The conception of modern Israel
Despite being under constant siege, today’s nation of Israel is home to an ancient Hebrew culture to which Judaism, Christianity and Western civilisation owe an incalculable debt, writes David Furse-Roberts.
This piece was first published in November 2017, ahead of the centenary of the Balfour Declaration that laid the foundations for the modern State of Israel.
Great moments in history are sometimes defined by a piece of paper, in this case, a letter penned from one man to another with a promise, and so it is that this November we commemorate the centenary of the Balfour Declaration. Written on 2 November 1917 and appearing in the press on 9 November that year, the Balfour Declaration was a public pledge by the British government announcing support for a Jewish homeland in what was the region of Palestine. Written by the British foreign secretary Arthur Balfour to an eminent member of London’s Jewish community, Lord Rothschild, the letter read:
His Majesty’s Government view with favour the establishment in Palestine of a national home for the Jewish people, and will use their best endeavours to facilitate the achievement of this object, it being clearly understood that nothing shall be done which may prejudice the civil and religious rights of existing non-Jewish communities in Palestine, or the rights and political status enjoyed by Jews in any other country.
Balfour then said to Rothschild, “I should be grateful if you would bring this declaration to the knowledge of the Zionist Federation.” After decades of agitation for the establishment of a Jewish homeland, the statement represented the first public expression of support for Zionism by a major power.
The watershed declaration represented the culmination of multiple historical developments. The first of these was early British support for a Jewish homeland in the region of Palestine led by Lord Palmerston at the beginning of the Victorian era. Influenced by the social reformer and Christian Zionist, Lord Shaftesbury, prime minister Palmerston had established a British consul in Jerusalem in 1838 and the British Foreign Office actively encouraged Jewish emigration to Palestine in the early 1840s.

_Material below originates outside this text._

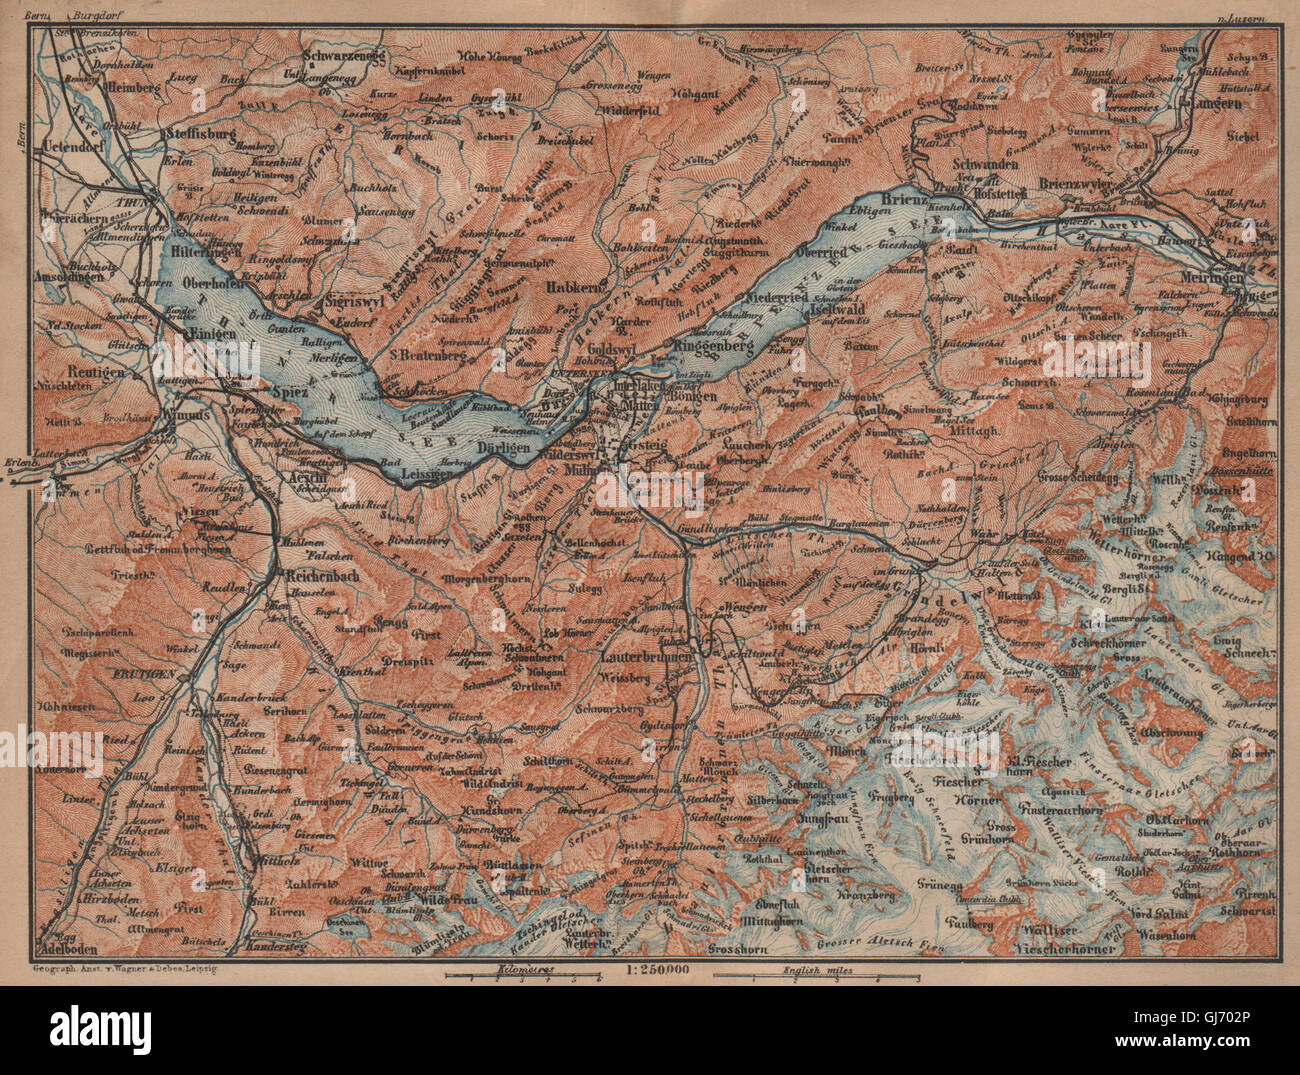 BERNESE OBERLAND. Wengen Mürren Grundelwald Reutigen Interlaken Eiger, 1909 map Stock Photo

The campaign by Christian Zionists in Britain for the “restoration of Israel”, meanwhile, was augmented by the revival of Jewish Zionism in continental Europe as a reaction to the anti-Semitism of nineteenth-century Romantic nationalism. One of the leading figures of this continental Zionist movement was the Austro-Hungarian Jewish journalist, Theodor Herzl, whose friendship with an Anglican minister, William Hechler, epitomised the shared Jewish-Christian aspiration for a restored Israel. In 1896, Herzl published Der Judenstaat which called for the re-establishment of a Jewish State as a solution to the long-term survival of his people. Indeed such was Herzl’s legacy that he became celebrated as a father of the State of Israel formed in 1948.
Whilst steeped in a rich history of advocacy for a Jewish homeland, the 1917 declaration by Lord Balfour initially bore little legal gravity; it was merely an expression of intent by the British government of the day. Following the events of World War I and the fall of the Ottoman Empire, however, much of the Declaration’s wording acquired force with its adoption by the British Mandate for Palestine. Birthed by the San Remo Conference of 1920, the Mandate held that the British were responsible for giving effect to the terms of the Balfour Declaration. Attracting allied support from the United States, the British Mandate was endorsed by Congress in 1922 by the Lodge-Fish Resolution.
To be sure, the impact of the Balfour declaration in the ensuing decades proved to be bitter-sweet. On the one hand, it was seen to perpetuate ongoing conflict between Arabs and Jews in the Middle East as both people groups disputed the application of its terms to long-contested territory. On the other hand, it laid the foundations for the modern State of Israel which would become not only a Jewish homeland but a beacon of freedom, democracy and the rule of law in a troubled region. Lauding the establishment of Israel in 1948, Australia’s Robert Menzies observed that “the civilised world saw in the establishment of Israel not only the providing of an independent home to many Jewish people but also a shining symbol of delivery from bondage and, I believe, of world repentance”.
In so far as Balfour represented the conception of what would come to be born as modern Israel, the anniversary of the Declaration is indeed worth celebrating. Despite being under constant siege, today’s nation of Israel is home to an ancient Hebrew culture to which Christianity and Western civilisation owes an incalculable debt. Welcoming Benjamin Netanyahu to Australia in February this year, Malcolm Turnbull spoke for many when he remarked that the nations of Australia and Israel share “the rich cultural heritage of the Bible” with “its stories and values a foundation for our history, our literature, our imagination”.
As a sanctuary for a people who have experienced centuries of violence, persecution and near extermination, Israel and its Jewish inhabitants bear testimony to a remarkable story of human endurance and what many would also see as providential faithfulness. So with the centenary of the Balfour Declaration, we can celebrate what it helped to accomplish for a people to whom we owe so much.
David Furse-Roberts is a Research Fellow at the Menzies Research Centre and author of God & Menzies: The Faith that shaped a Prime Minister and his Nation.